■ Work to be completed
Could you set down exactly the lines of the data below, starting at the one that holds "hydrolysis to conformational changes." and ending at the one that holds "calcium/calmodulin complex.", both included, and only those?

■ Data shown
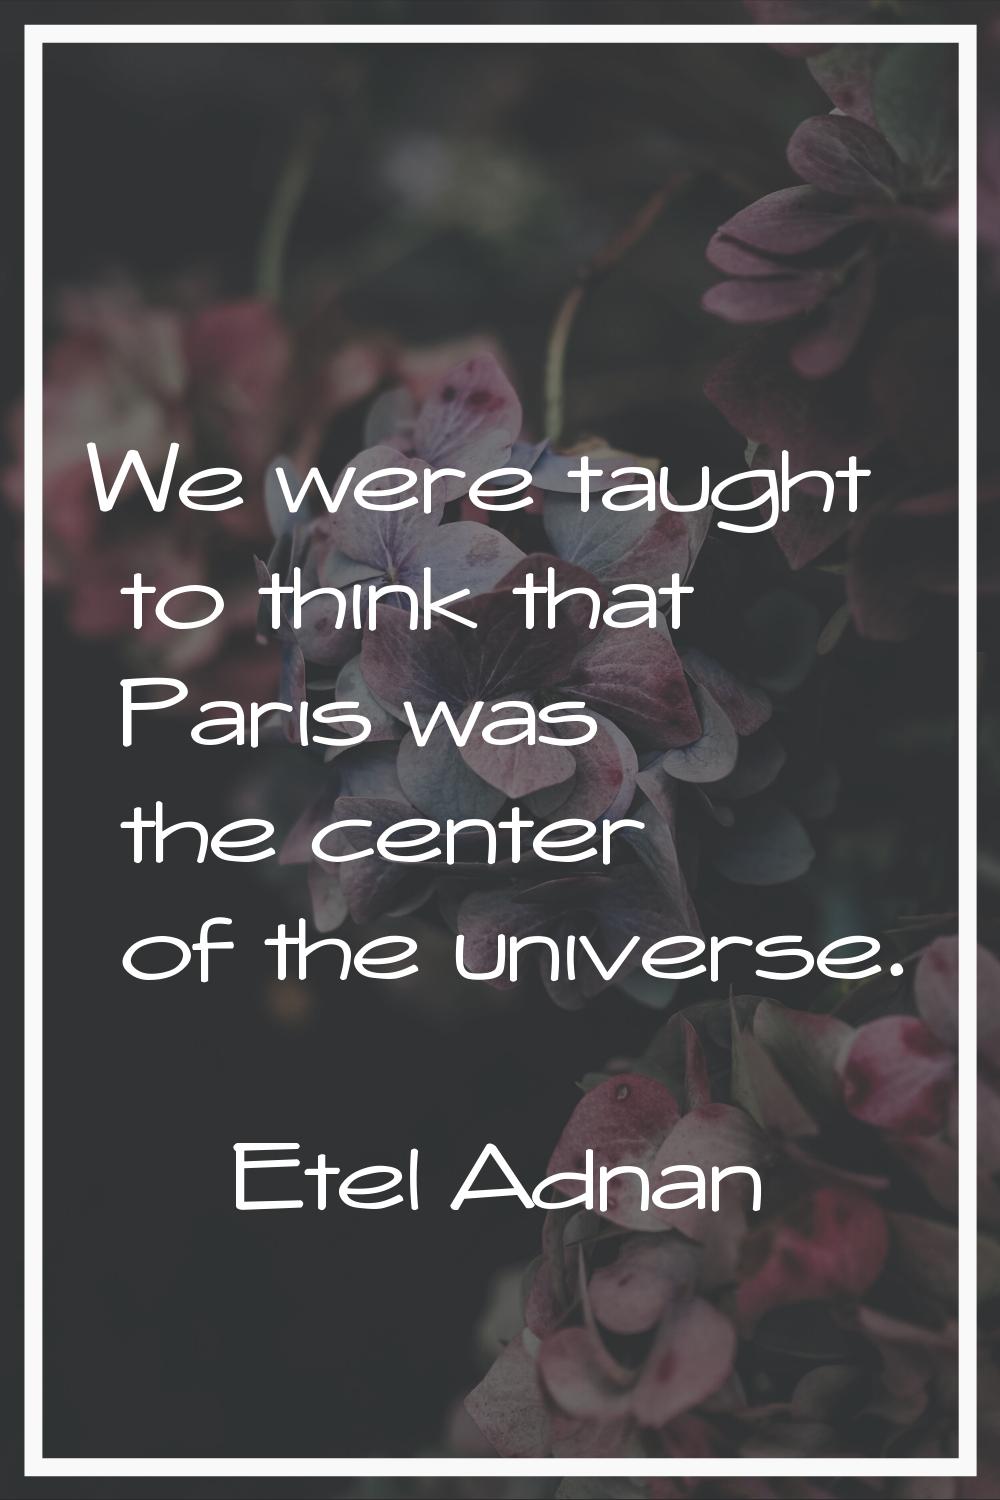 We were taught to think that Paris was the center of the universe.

==

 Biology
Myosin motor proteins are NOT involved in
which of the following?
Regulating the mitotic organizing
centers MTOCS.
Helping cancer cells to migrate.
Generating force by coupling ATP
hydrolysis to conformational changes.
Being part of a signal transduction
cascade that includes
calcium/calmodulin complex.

==

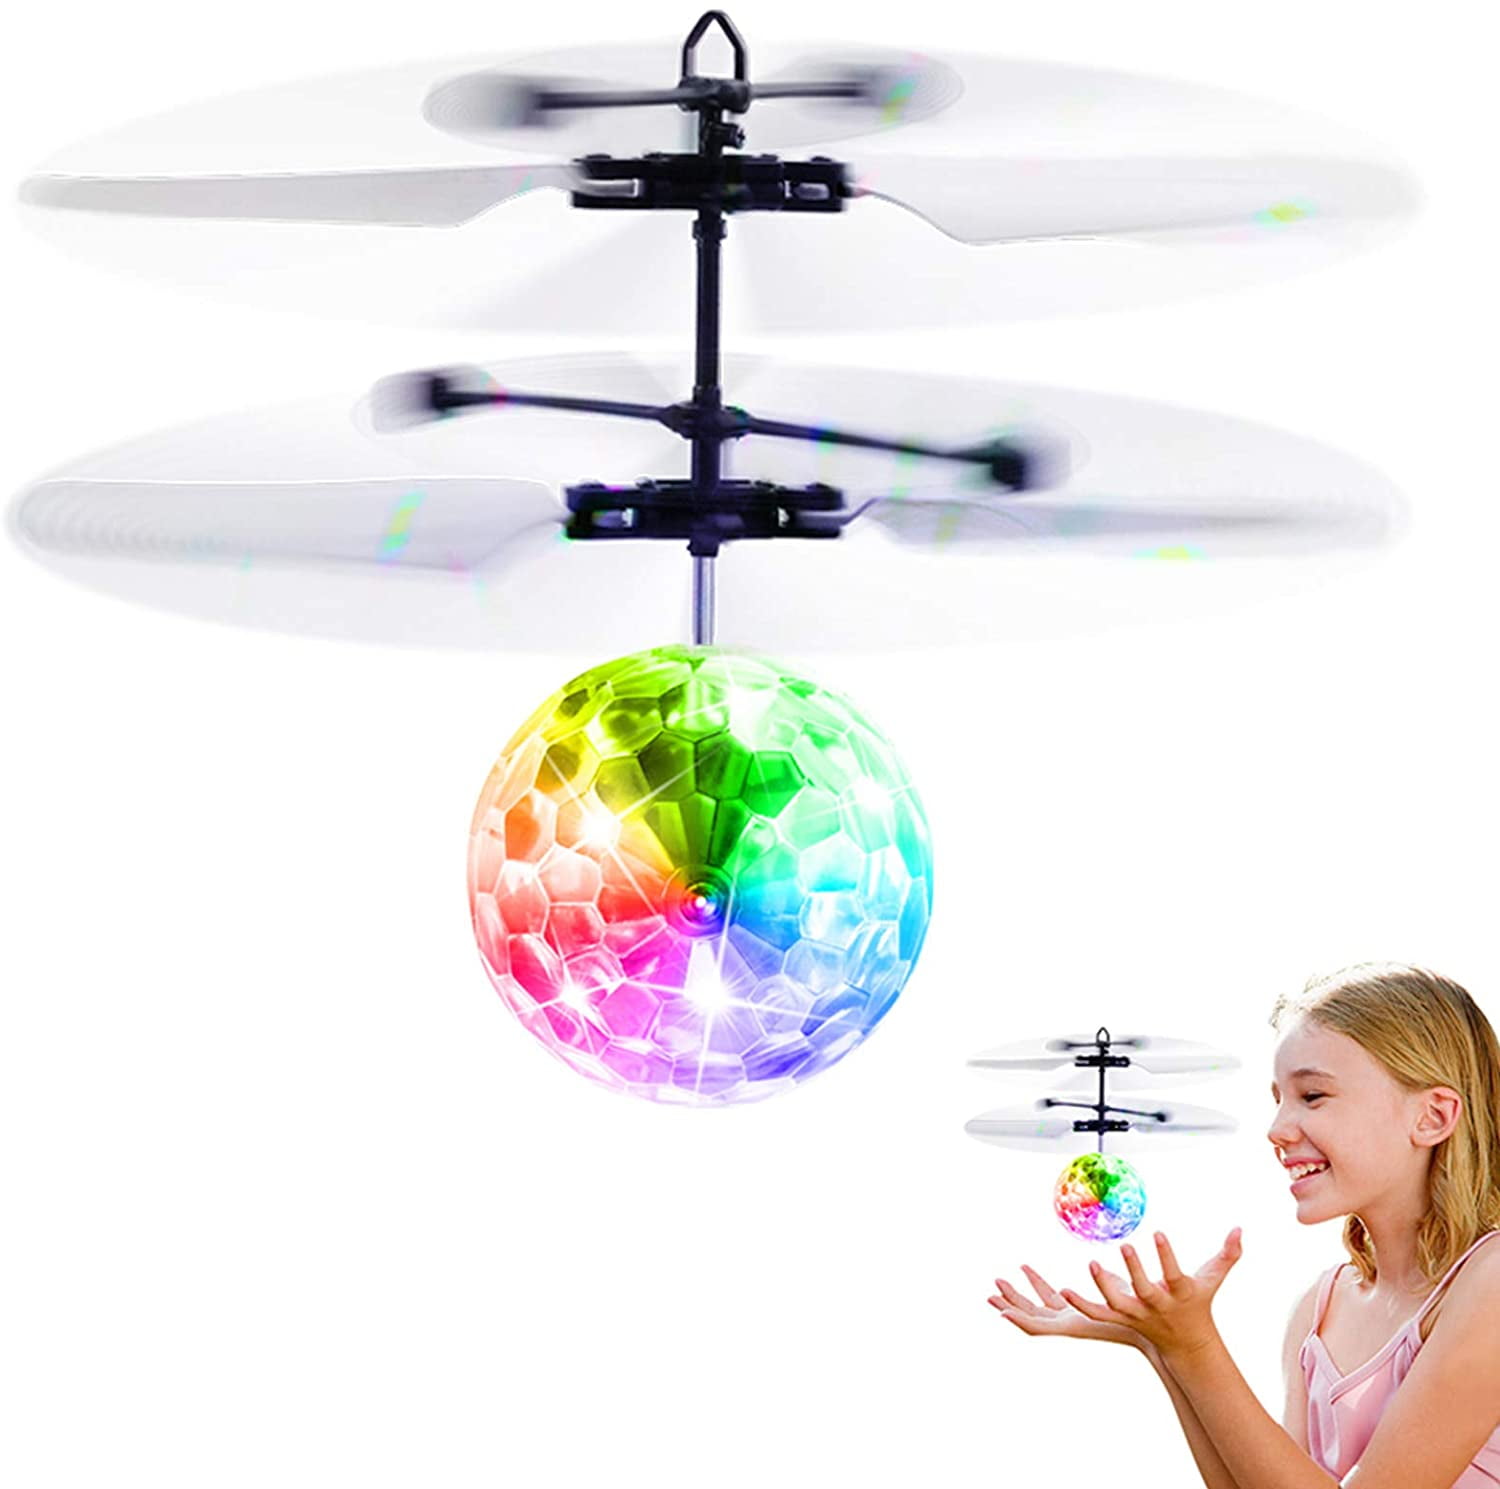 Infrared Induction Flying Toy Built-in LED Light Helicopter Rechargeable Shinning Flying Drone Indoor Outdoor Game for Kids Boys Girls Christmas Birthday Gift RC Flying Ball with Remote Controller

■ Exercise result
hydrolysis to conformational changes.
Being part of a signal transduction
cascade that includes
calcium/calmodulin complex.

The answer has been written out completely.